USDA: Rain Is Returning to Texas, More Is Needed

February 17, 2012 02:19 AM
 

USDA's Joint Ag Weather Facility says on the Plains, rain is returning to parts of Texas, where sustained heavy precipitation is still needed to eradicate record-setting drought. "Meanwhile, mild, dry weather covers the northern and central Plains," USDA says.

In the West, USDA says near- to below-normal temperatures persist. "A frost advisory is in effect again this morning across parts of California's San Joaquin Valley," USDA reports. Precipitation associated with a developing storm system is confined to southern portions of Arizona and New Mexico, as most of the West continues to brace for drought development or intensification and the prospect of significantly below-normal spring and summer runoff, according to USDA.

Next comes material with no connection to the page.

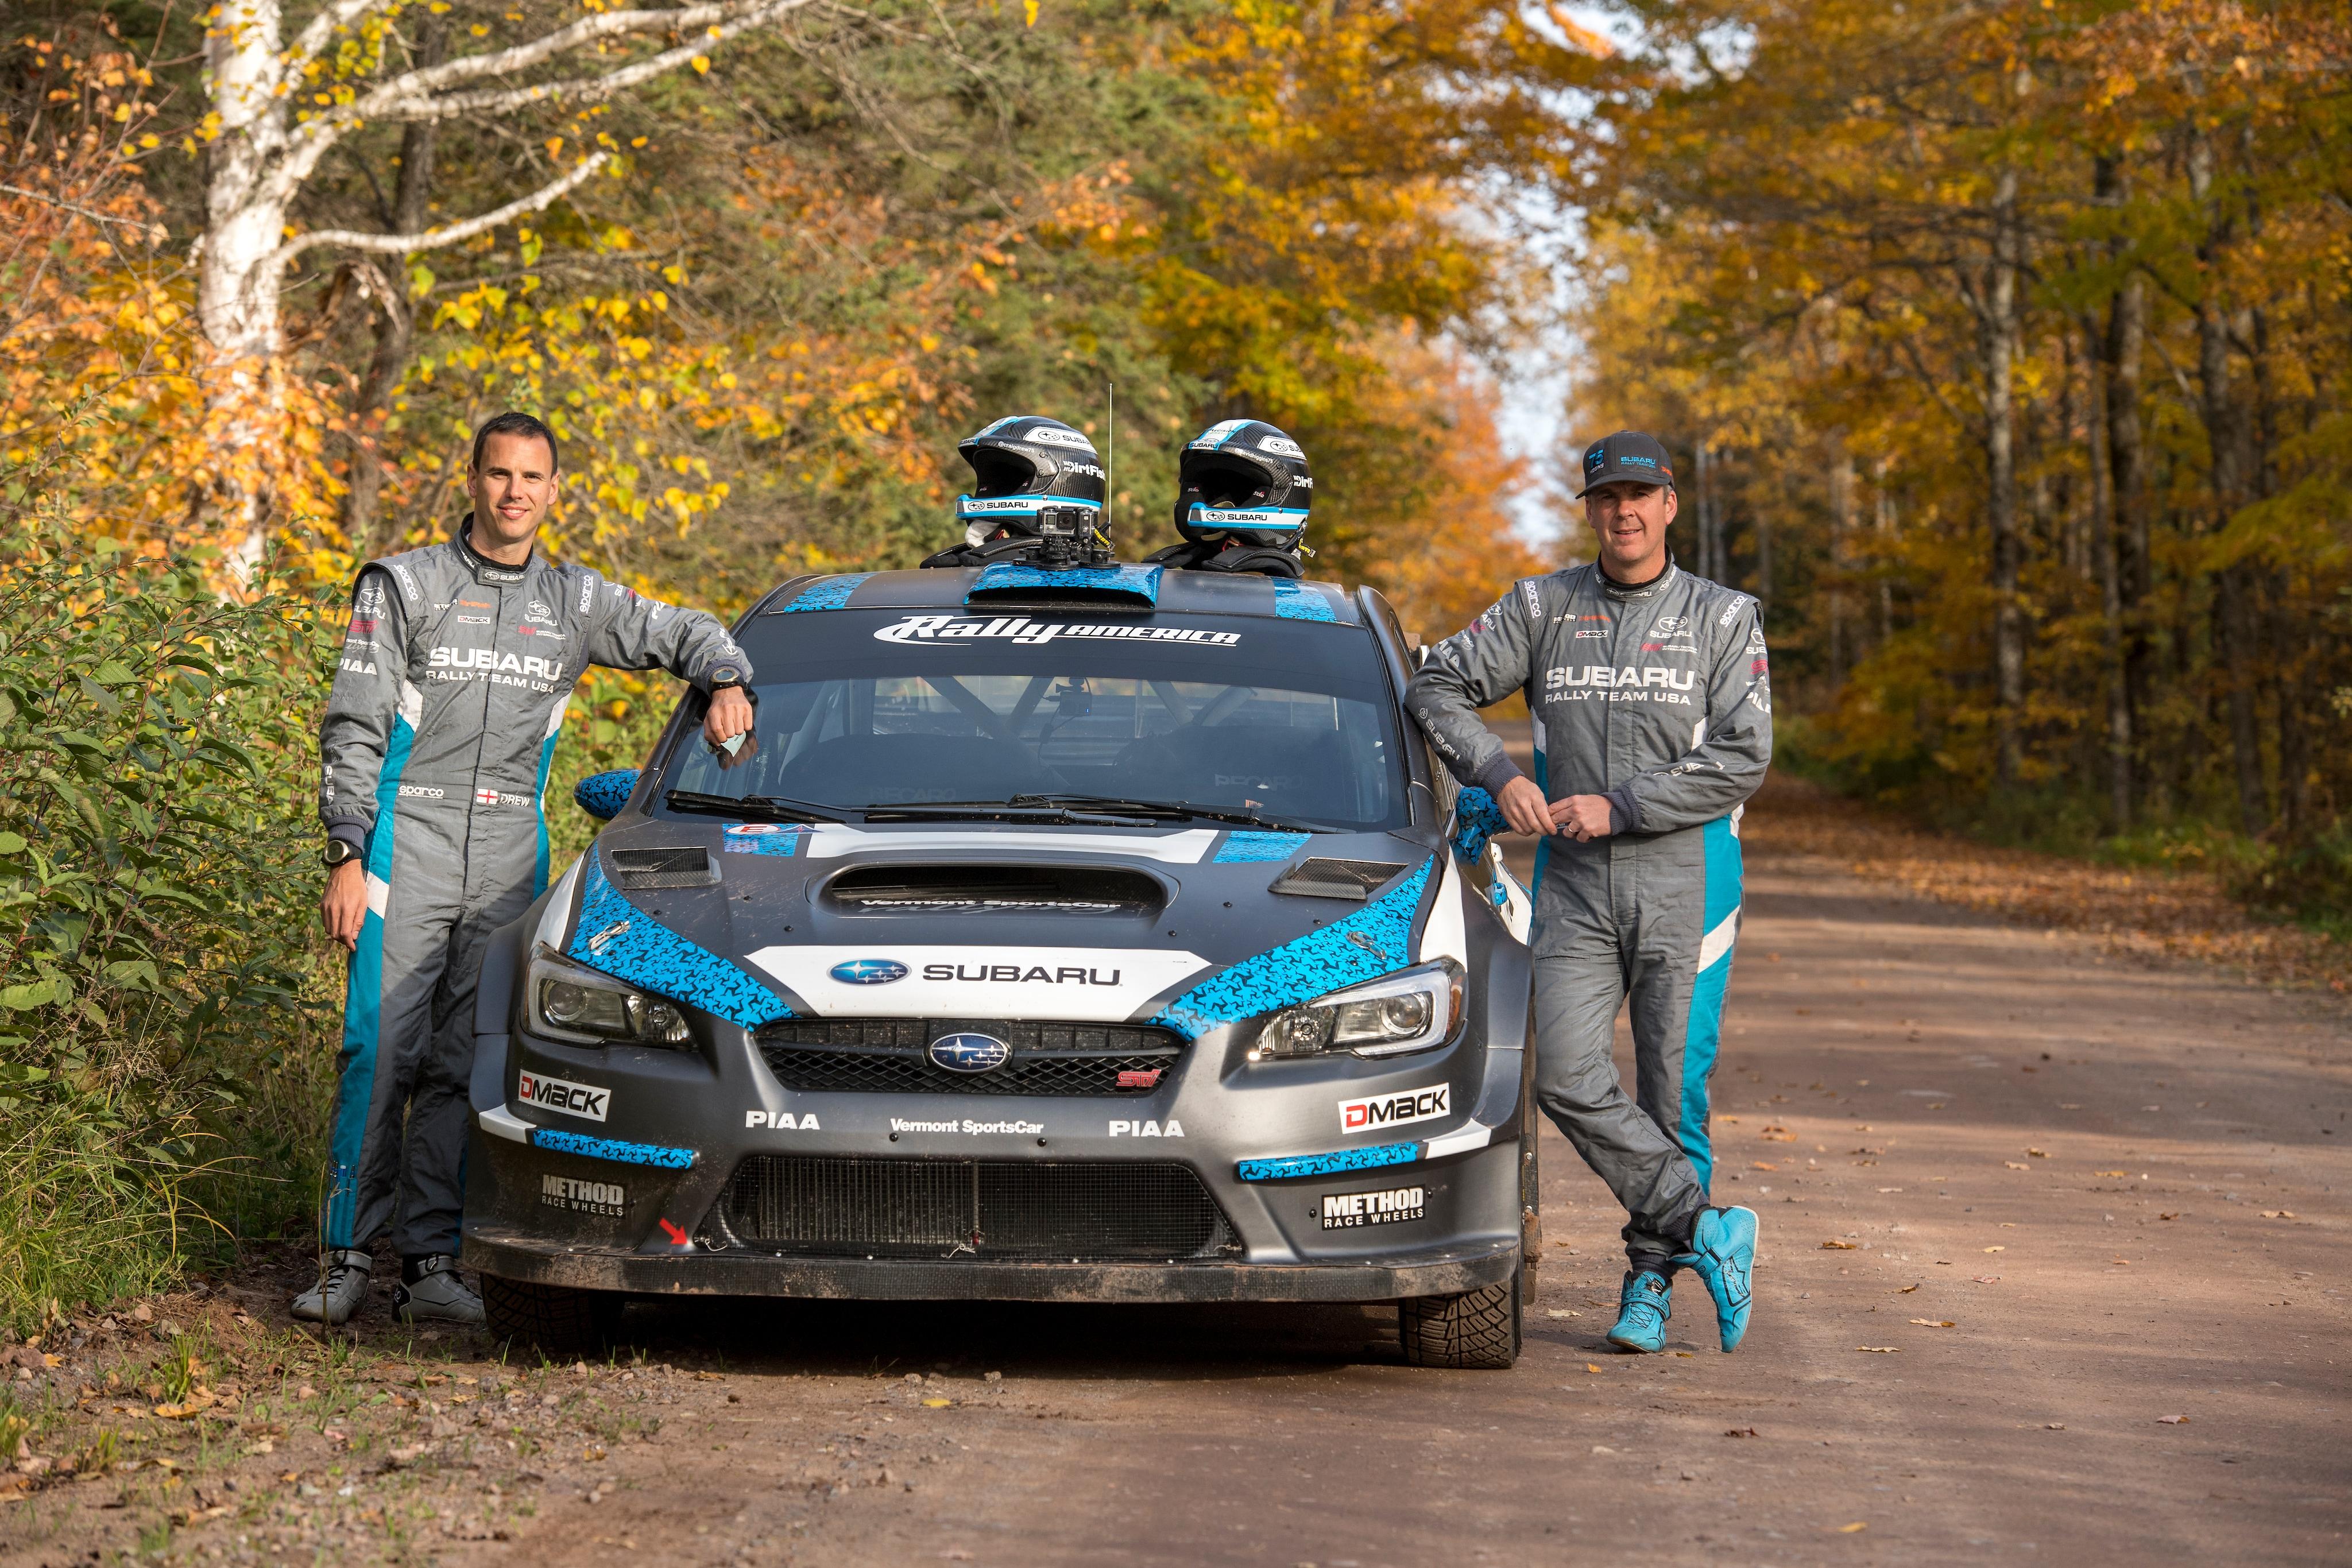 adventure subaru subaru closes 2016 season with 1 2 finish at

In the Corn Belt, USDA says mild, mostly dry weather prevails. "From the Ohio Valley into the lower Great Lakes region, soggy soils and frequent freeze-thaw cycles remain a concern with respect to the soft red winter wheat crop," USDA reports.

In the South, USDA reports a broken band of showers stretches from Texas to northern Florida. "The rain across the Deep South is providing beneficial moisture for pastures and winter grains," USDA says. However, most of Florida's peninsula remains extremely dry, USDA adds, resulting in heavy irrigation demands for citrus and other winter crops.

USDA's outlook says a developing storm over the Rio Grande Valley will reach the western and central Gulf Coast states on Saturday and the southern Mid-Atlantic Coast on Sunday. "Storm-total rainfall of 2 to 4 inches will provide drought relief from eastern Texas to the Carolinas, but only light rain will dampen Florida’s peninsula," USDA says. Farther north, it is becoming increasingly likely that heavy, wet snow will fall on Sunday from the central Appalachians to the Mid- Atlantic Coast, according to USDA. "Elsewhere, late-week precipitation will spread from the Pacific Northwest to the Intermountain West, with significant snow possible at higher elevations. However, little or no precipitation will fall in California," USDA explains.